Re: [zfs-discuss] ZFS and spindle speed (7.2k / 10k / 15k)

2011-02-02 Thread Eric D. Mudama

On Wed, Feb  2 at 20:45, Edward Ned Harvey wrote:

For sustained throughput, I don't measure in IOPS.  I measure in MB/s, or
Mbit/s.  For a slow hard drive, 500Mbit/s.  For a fast one, 1 Gbit/s or
higher.  I was surprised by the specs of the seagate disks I just emailed a
moment ago.  1Gbit out of a 7.2krpm drive...  That's what I normally expect
out of a 15krpm drive.


It used to be that enterprise grade, higher RPM devices used more
expensive electronics, but that's not really the case anymore.  It
seems most vendors are trying to use common electronics across their
product lines, which generally makes great business sense.

These days I think most HDD companies get their channel working at a
certain max bitrate, and format their drive zones to match that
bitrate at the max radius where velocity is the highest.  This is a
bit of a simplification, but it's the general idea.

When the drive is spinning the media less quickly, in a 7200 RPM
device, they can pack the bits in more tightly, which lowers overall
cost because they need fewer heads and platters to achieve a target
capacity.  It just so happens that the max bits/second flying under
the read head is a constant pegged to the channel design.  All other
things being equal, the 15k and the 7200 drive, which share
electronics, will have the same max transfer rate at the OD.


I know people sometimes (often) use IOPS even when talking about sequential
operations, but I only say IOPS for random operations.


Me too, though not everyone realizes how much overhead there can be in
small operations, even sequential ones.

--eric


--
Eric D. Mudama
edmud...@bounceswoosh.org

___
zfs-discuss mailing list
zfs-discuss@opensolaris.org
http://mail.opensolaris.org/mailman/listinfo/zfs-discuss


Re: [zfs-discuss] ZFS and spindle speed (7.2k / 10k / 15k)

2011-02-02 Thread Mark Sandrock

On Feb 2, 2011, at 8:10 PM, Eric D. Mudama wrote:

  All other
 things being equal, the 15k and the 7200 drive, which share
 electronics, will have the same max transfer rate at the OD.

Is that true?
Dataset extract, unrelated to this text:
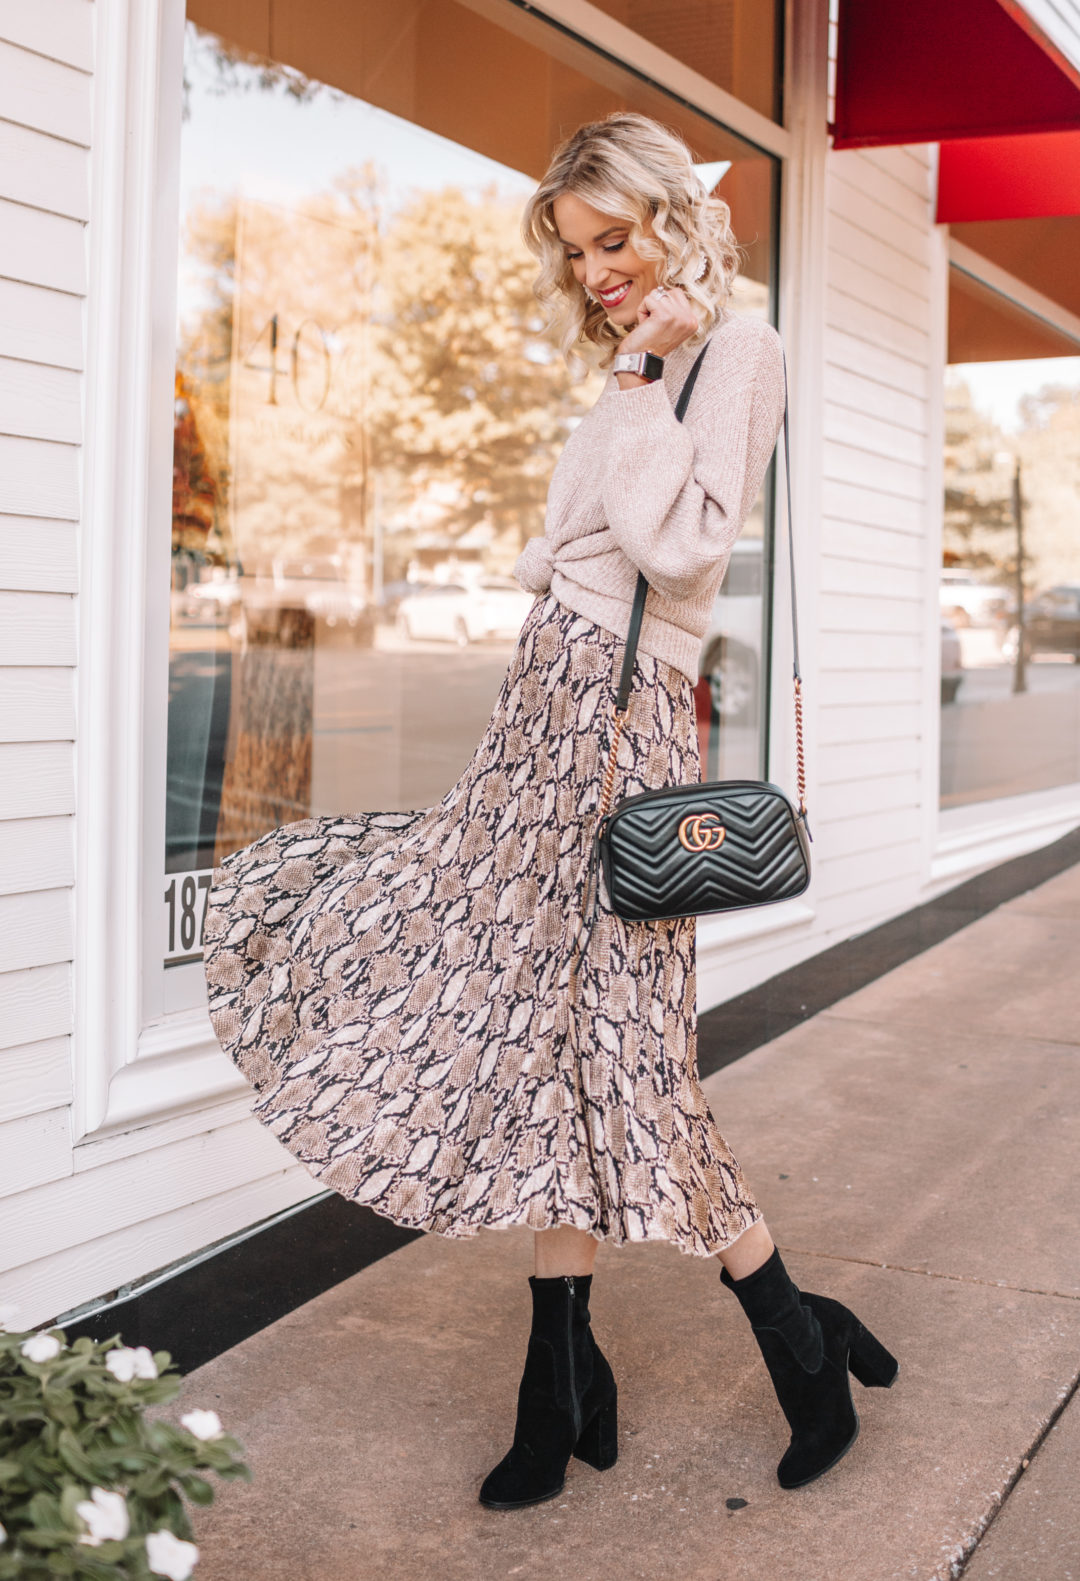 How to Wear a Midi Skirt - 10 Ways to Wear a Midi Skirt - Straight A Style

So the only difference is in the access time?

Mark
___
zfs-discuss mailing list
zfs-discuss@opensolaris.org
http://mail.opensolaris.org/mailman/listinfo/zfs-discuss


Re: [zfs-discuss] ZFS and spindle speed (7.2k / 10k / 15k)

2011-02-02 Thread taemun
Uhm. Higher RPM = higher linear speed of the head above the platter = higher
throughput. If the bit pitch (ie the size of each bit on the platter) is the
same, then surely a higher linear speed corresponds with a larger number of
bits per second?

So if all other things being equal includes the bit density, and radius to
the edge of the media, then ... surely higher rpm = higher throughput?

Cheers,

On 3 February 2011 14:10, Mark Sandrock mark.sandr...@oracle.com wrote:


 On Feb 2, 2011, at 8:10 PM, Eric D. Mudama wrote:

   All other
  things being equal, the 15k and the 7200 drive, which share
  electronics, will have the same max transfer rate at the OD.
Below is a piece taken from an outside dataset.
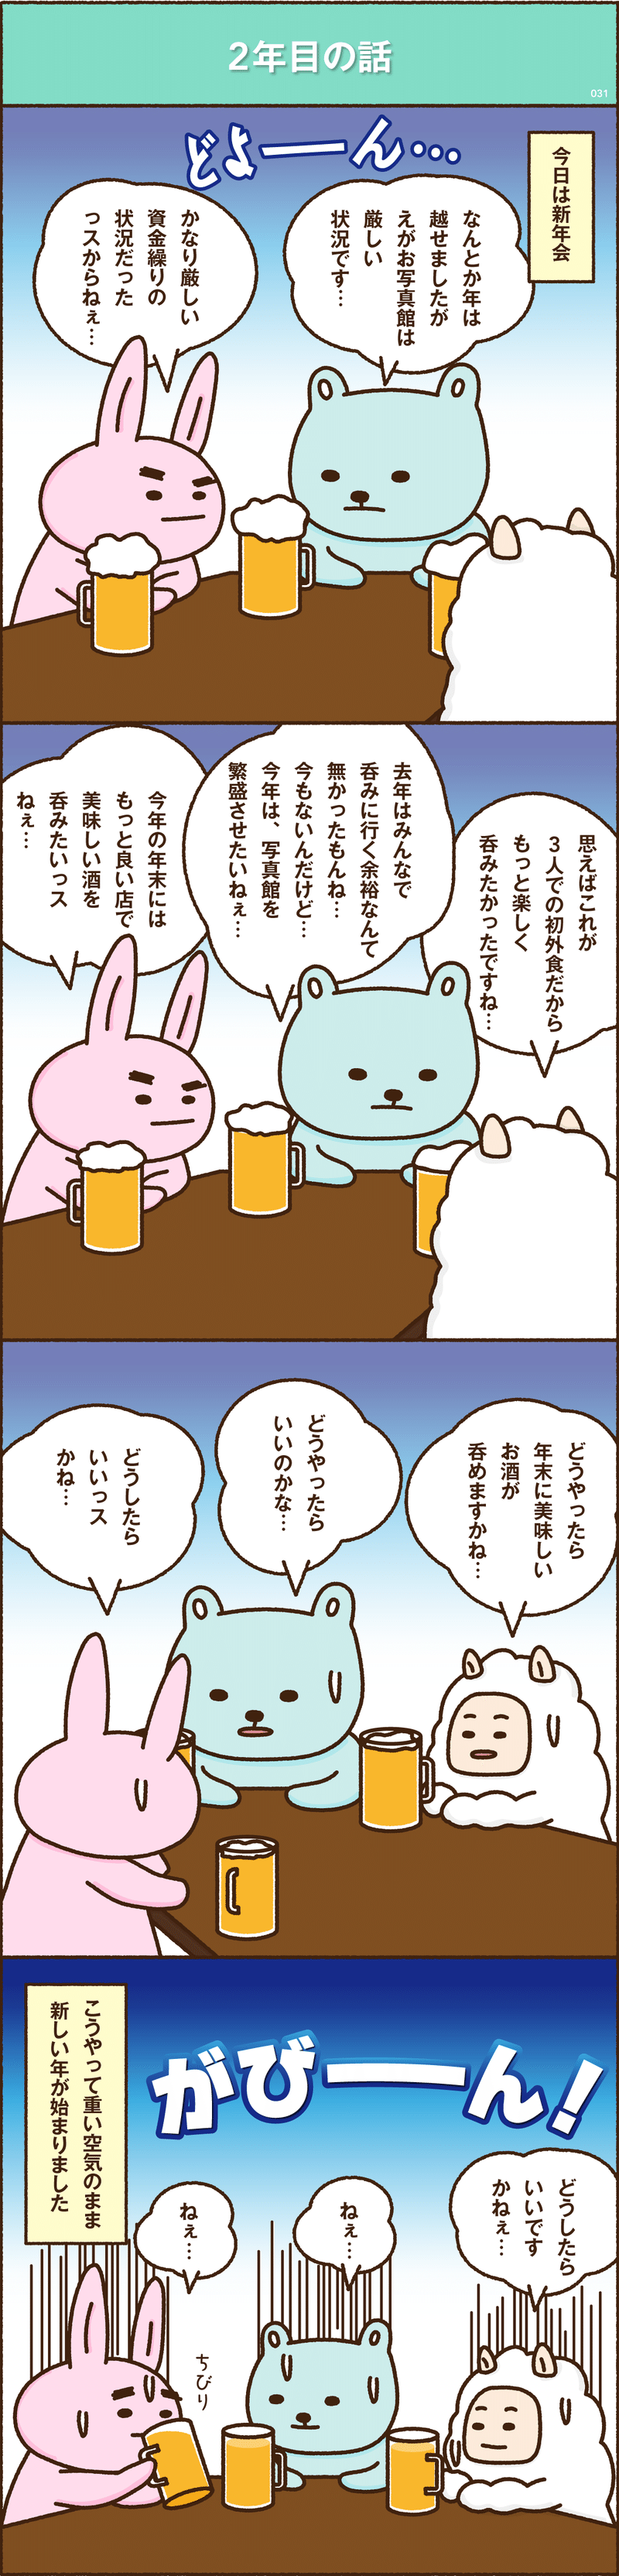 note漫画_2部_#031_2_アートボード 1

 Is that true? So the only difference is in the access time?

 Mark
 ___
 zfs-discuss mailing list
 zfs-discuss@opensolaris.org
 http://mail.opensolaris.org/mailman/listinfo/zfs-discuss

___
zfs-discuss mailing list
zfs-discuss@opensolaris.org
http://mail.opensolaris.org/mailman/listinfo/zfs-discuss


Re: [zfs-discuss] ZFS and spindle speed (7.2k / 10k / 15k)
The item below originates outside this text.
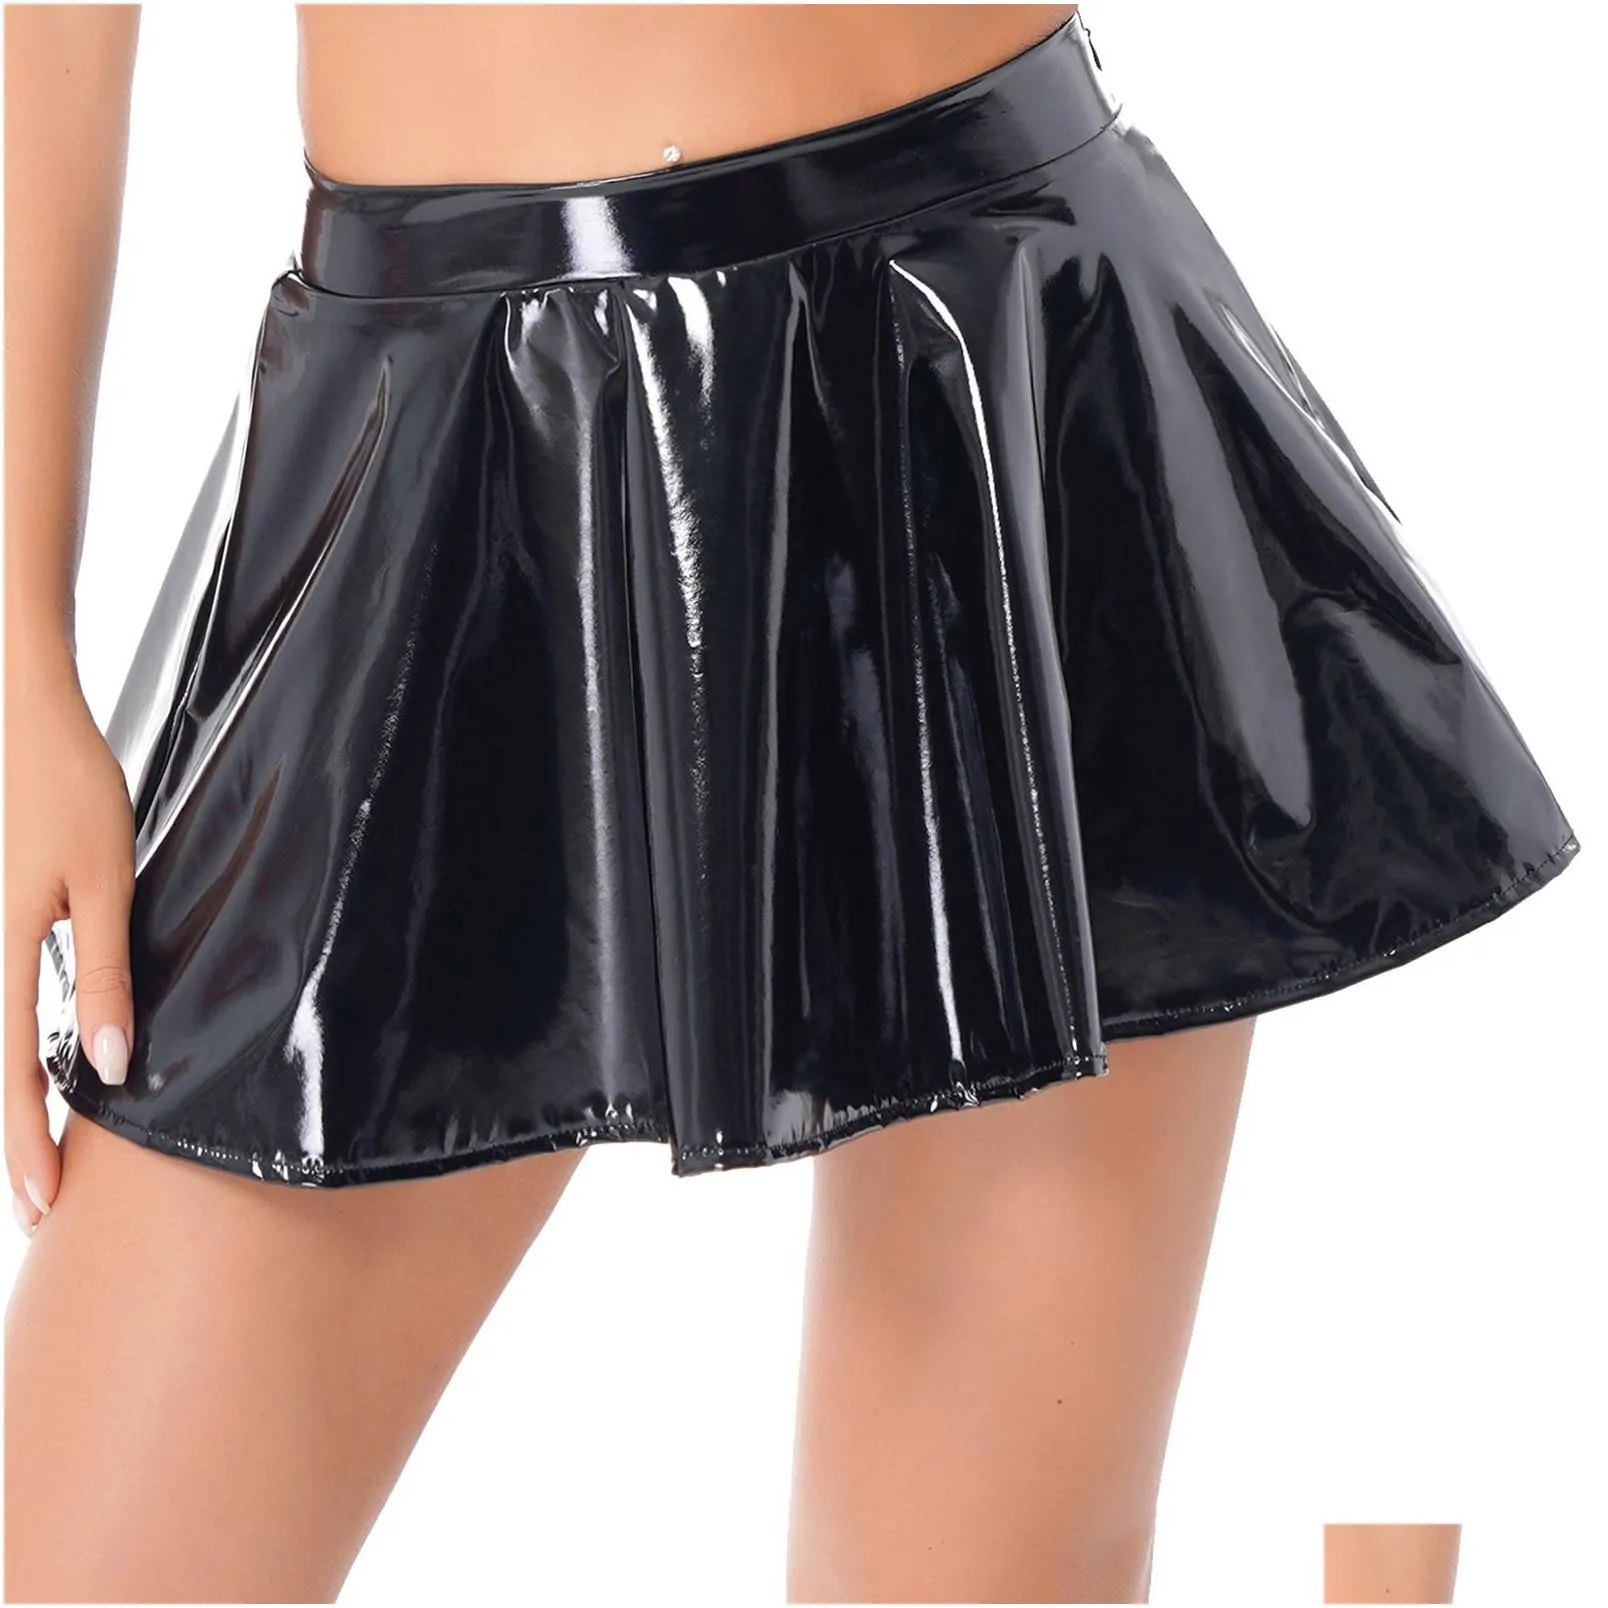 Skirts Womens Latex Skirt For Rave Party Club Dance Stage Performance Costume Clubwear Woman Wetlook Patent Leather Flared Mini Drop Dh78S

2011-02-02 Thread Eric D. Mudama

On Thu, Feb  3 at 14:18, taemun wrote:

  Uhm. Higher RPM = higher linear speed of the head above the platter =
  higher throughput. If the bit pitch (ie the size of each bit on the
  platter) is the same, then surely a higher linear speed corresponds with a
  larger number of bits per second?
  So if all other things being equal includes the bit density, and radius
  to the edge of the media, then ... surely higher rpm = higher throughput?
  Cheers,


Point being that they have to lower the bit density on high RPM drives
to fit within the bandwidth constraints of the channel.

If they could just get their channel working at 3GHz instead of 2GHz
or whatever, they'd use that capability to pack even more bits into
the consumer drives to lower costs.


--
Eric D. Mudama
edmud...@bounceswoosh.org

___
zfs-discuss mailing list
zfs-discuss@opensolaris.org
http://mail.opensolaris.org/mailman/listinfo/zfs-discuss


Re: [zfs-discuss] ZFS and spindle speed (7.2k / 10k / 15k)

2011-02-01 Thread Edward Ned Harvey
 From: zfs-discuss-boun...@opensolaris.org [mailto:zfs-discuss-
 boun...@opensolaris.org] On Behalf Of James
 
 I’m trying to select the appropriate disk spindle speed for a proposal and
 would welcome any experience and opinions  (e.g. has anyone actively
 chosen 10k/15k drives for a new ZFS build and, if so, why?).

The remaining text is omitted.